DEVELOPING STUDENTS' 4Cs CAPABILITIES
THROUGH COVERT ACTION!

A 4CTL Case Study from St Stannislaus College, 2022

 
 

4C-RELUCTANT YEAR 10 BOYS LEARN
HOW THEY USE THE 4Cs INNATELY

As told AT OUR NOV 2022 NETWORK DAYS, by Lee and X FROM ST STANNISLAUS COLLEGE, BATHURST.

Often, when we begin talking about the 4Cs with our older students, they groan! Talking about the four characteristics makes these students uncomfortable, so it’s not popular. So we’re required to be creative ourselves, in order to continue enabling explicit student learning of them while not being overly direct.

Here’s one example of how we’ve achieved this.

STARTING WITH STUDENT INTEREST

Through discussions with our Year 4 students it became clear that one topic of very high interest was dinosaurs. Behind our school we have an archaeology dig site, but alas, we could not secure the safety requirements necessary for excursions to the site.

So we decided to integrate the development of an activity around this topic with Year 10 student learning goals in a creative activity.

WE ENGAGED YEAR 10 STUDENTS

We gave our Year 10 students the challenge of developing a learning experience around the topic of archaeology for Year 4 students. They’d have three lessons in which they could develop the activity.

The students came up with the idea of using big plastic tubs, into which they’d place sand and bury historic items for the Year 4 students to dig up.

They chose any historical period they found interesting, and determine the artefacts that would be buried to represent that era. The Year 4 students would then do the “archaeological dig” to uncover these items and have to determine the era from which the items came.

USING CRITICAL REFLECTION TO HELP STUDENTS SEE THEIR OWN USE OF THE 4Cs

From this activity, teachers devised worksheets for the Year 10 students.

Rather than saying this was a 4C activity, students simply had the activity presented to them. They retained complete ownership over it. Then when teachers created the worksheets, they included the 4Cs in it. Worksheets showed students how they had naturally engaged in collaboration, creativity, communication and critical reflection in the development and implementation of the activity.
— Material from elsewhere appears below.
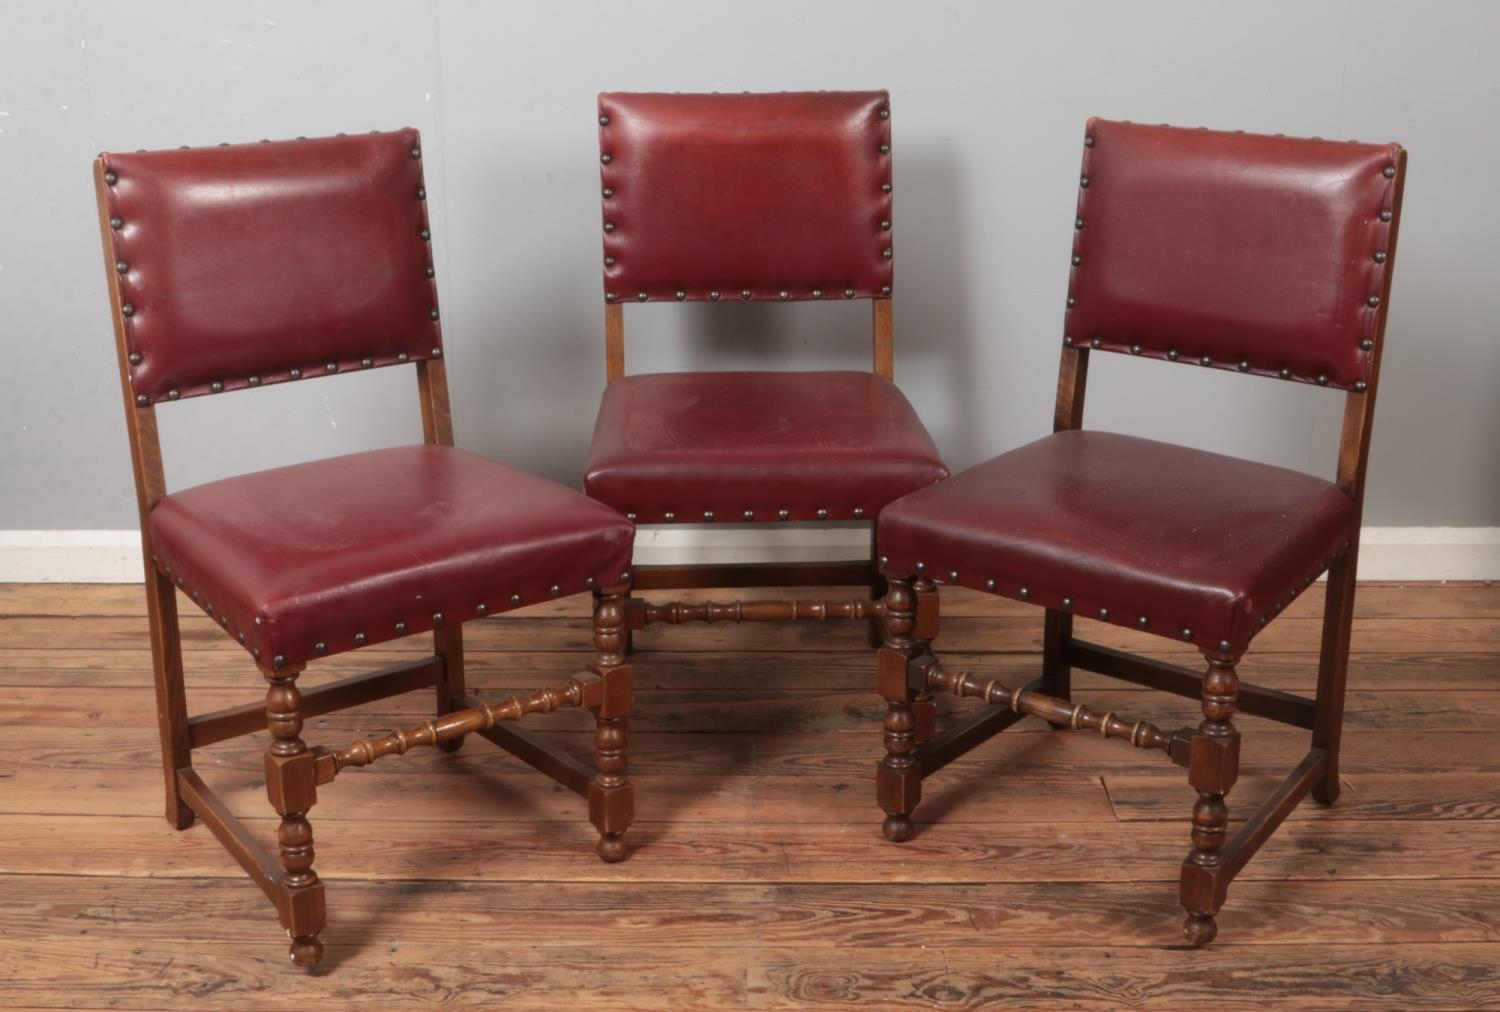 A set of six oak and red leather dining chairs. Includes two carvers. - Image 3 of 3

This allowed the students to perceive the 4C capabilities as being more authentic to them, as processes in action.

To further increase the Year 10 students 4C learning from this activity, they were then asked to develop worksheets for the Year 4 students who would be digging in their tubs. These included instruction on finding the artefacts, listing them, what purpose the artefact might have had and trying to infer at the era in history these artefacts originated from.

Because the Year 10 students now understood their own use of the 4Cs in the development of this activity, they could identify how the Year 4 students would also be requiring these 4 characteristics in their completion of the activity.

OUR RECOMMENDATIONS

The activity was popular with both the Year 10 and Year 4 students and we’re happy to share this with others who might want to do a similar activity in their school. We do recommend you use 100% building sand, as it won’t contain anything nasty that could derail the success of your archaeology lesson!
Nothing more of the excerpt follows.